Boots has issued an apology after refusing to lower the cost of emergency hormonal contraception (EHC) led to a media storm, including a Labour party letter signed by over 30 MPs.

The apology, published on the multiple’s website on Friday, highlighted its ‘poor choice of words’ when stating its position on EHC pricing. Boots also used the statement to stress that consultation with a pharmacist is an essential part of any sale and commit to sourcing less expensive EHC alternatives.

The saga began in April, when Marc Donovan, chief pharmacist at Boots UK, refused a call from the British Pregnancy Advisory Service (BPAS) to reduce the price of progestogen-based EHC in a letter seen by The Pharmacist.

According to BPAS, women in the UK pay up to five times more for emergency contraception than in other parts of Europe.
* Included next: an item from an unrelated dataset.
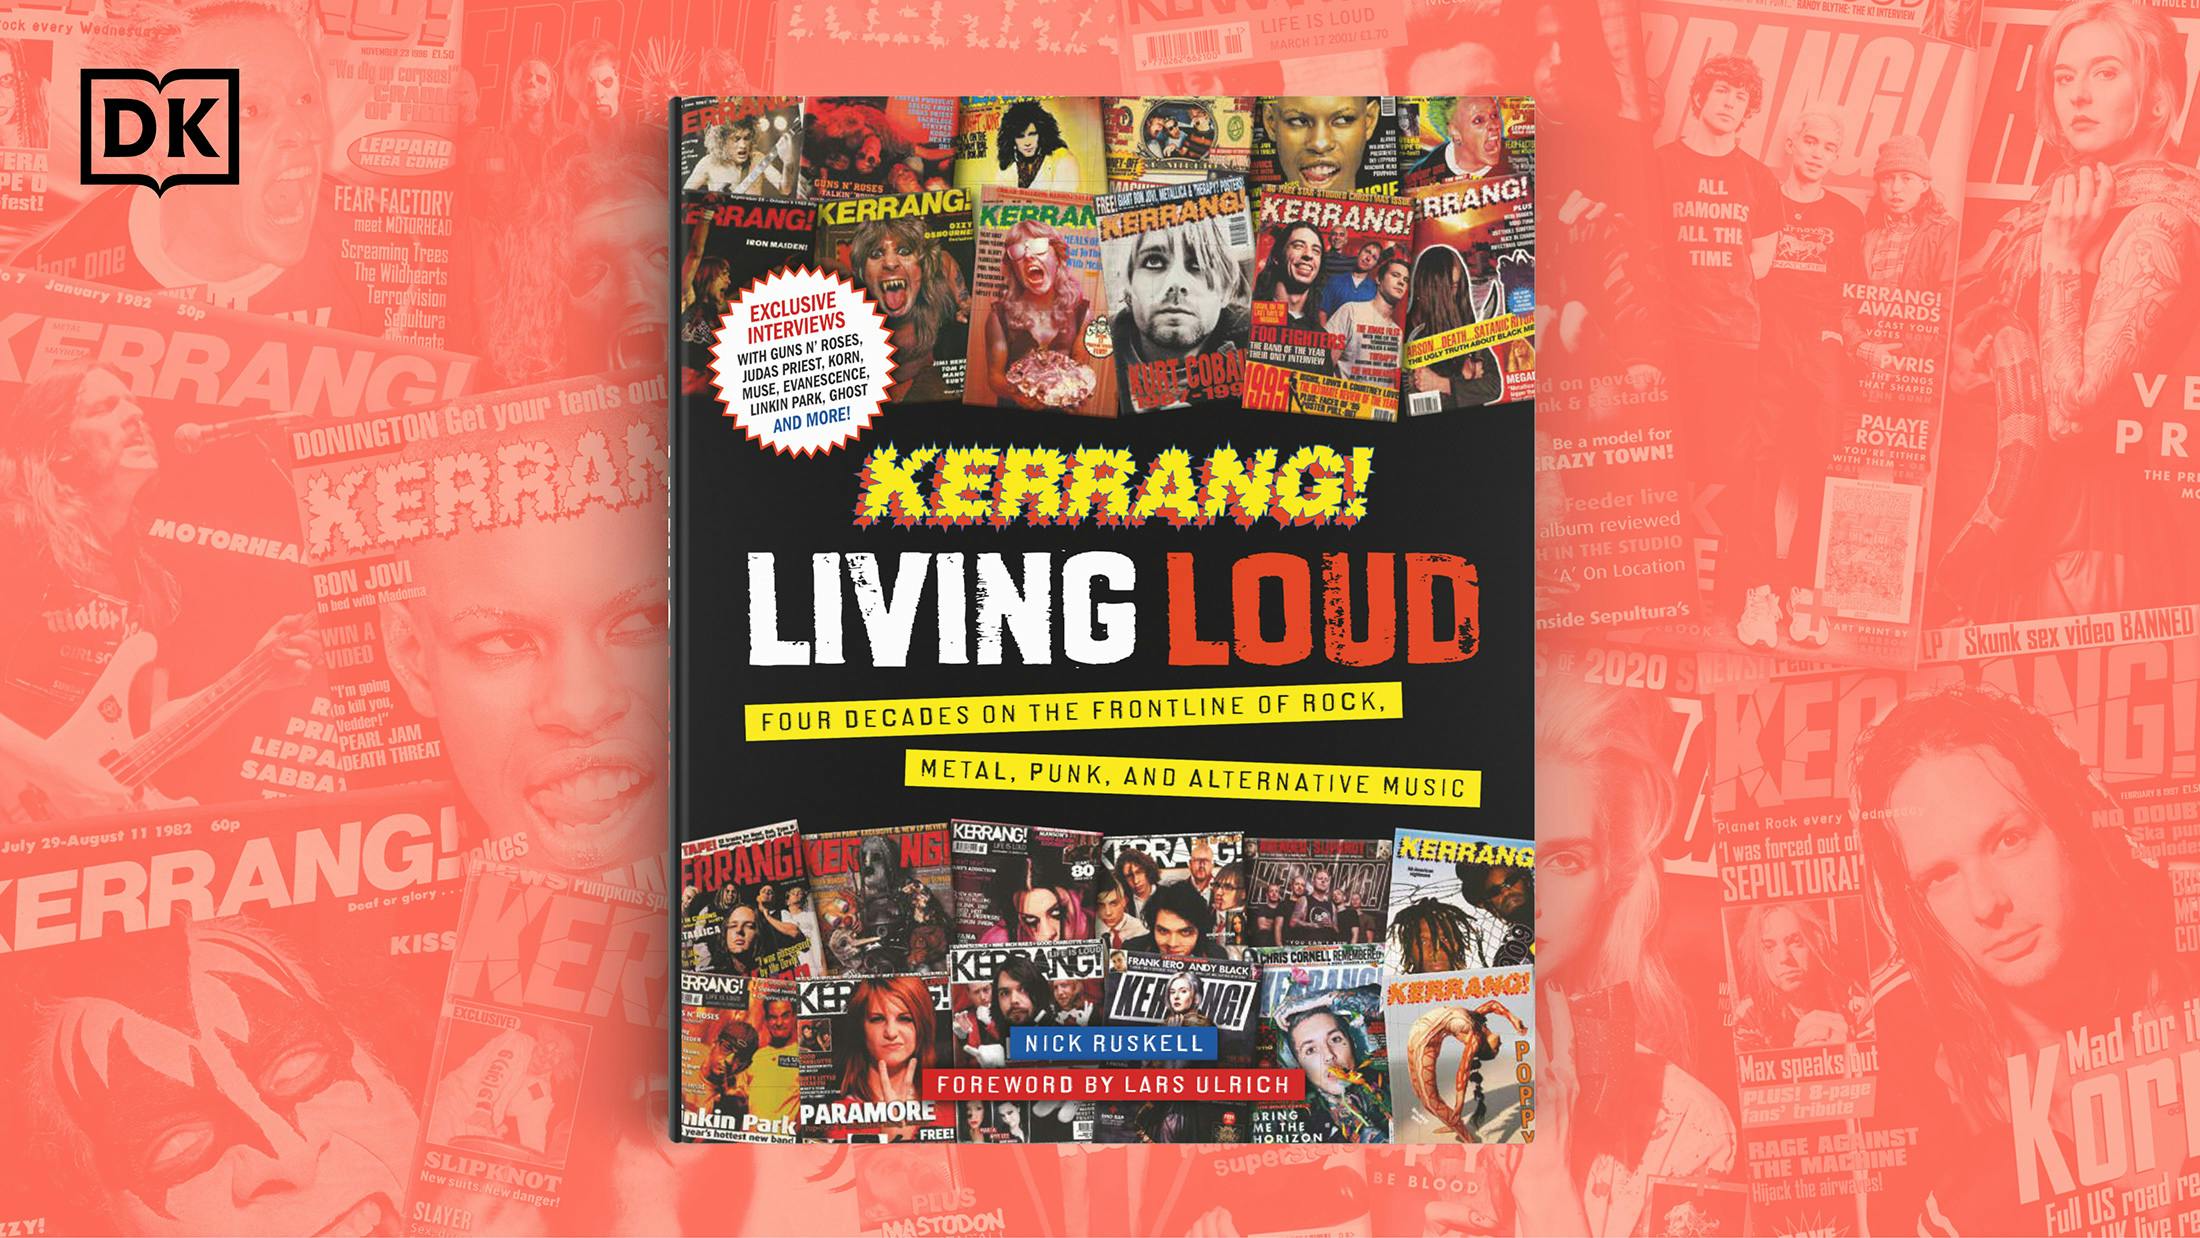 Kerrang! to release new book Living Loud: Four Decades On The Frontline Of Rock, Metal, Punk, And Alternative Music

The Organisation released its ‘Just Say Non!’ campaign to highlight the fact that women in France can buy the morning-after pill for just €7 (just over £6) while those in the UK pay up to £30.
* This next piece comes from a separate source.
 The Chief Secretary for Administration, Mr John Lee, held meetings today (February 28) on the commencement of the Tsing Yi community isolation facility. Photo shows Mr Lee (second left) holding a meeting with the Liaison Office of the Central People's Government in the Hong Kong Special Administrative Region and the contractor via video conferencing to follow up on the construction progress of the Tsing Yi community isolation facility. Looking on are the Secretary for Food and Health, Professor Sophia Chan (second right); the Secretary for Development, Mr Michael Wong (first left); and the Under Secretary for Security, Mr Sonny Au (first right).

Boots currently charges almost £30 for Levonelle (levonorgestrel) and only slightly less (£26.75) for a generic version.

Incentivising inappropriate use’

In a letter to the BPAS seen by The Pharmacist, Mr Donovan made the point that emergency contraception is available for free from several sources – including the 'majority' of Boots pharmacies for eligible patients via local NHS services. He said the company would not want to incentivise ‘inappropriate use’ by significantly reducing the price of its EHC.

In his letter, Mr Donovan added: ‘The subject of EHC polarises public opinion and we receive frequent contact from individuals who voice their disapproval of the fact that the company chooses to provide this service. We would not wish to be accused of incentivising inappropriate use, and provoking complaints, by significantly reducing the price of this product.'

Boots' price of EHC products is 'in line with that suggested by the manufacturers, he said.

However, BPAS suggests fear of complaints from a small section of the population is not good enough: ‘We simply don’t know who these people are (except hard core anti-abortionists) who think it’s right to charge women over the odds when an accident happens,’ said director of external affairs Clare Murphy.

‘The fact is, most women in this country are using user-dependent methods of contraception and need swift, affordable access to emergency contraception when those methods let them down if they are to avoid unwanted pregnancy and I think most people accept and understand that.’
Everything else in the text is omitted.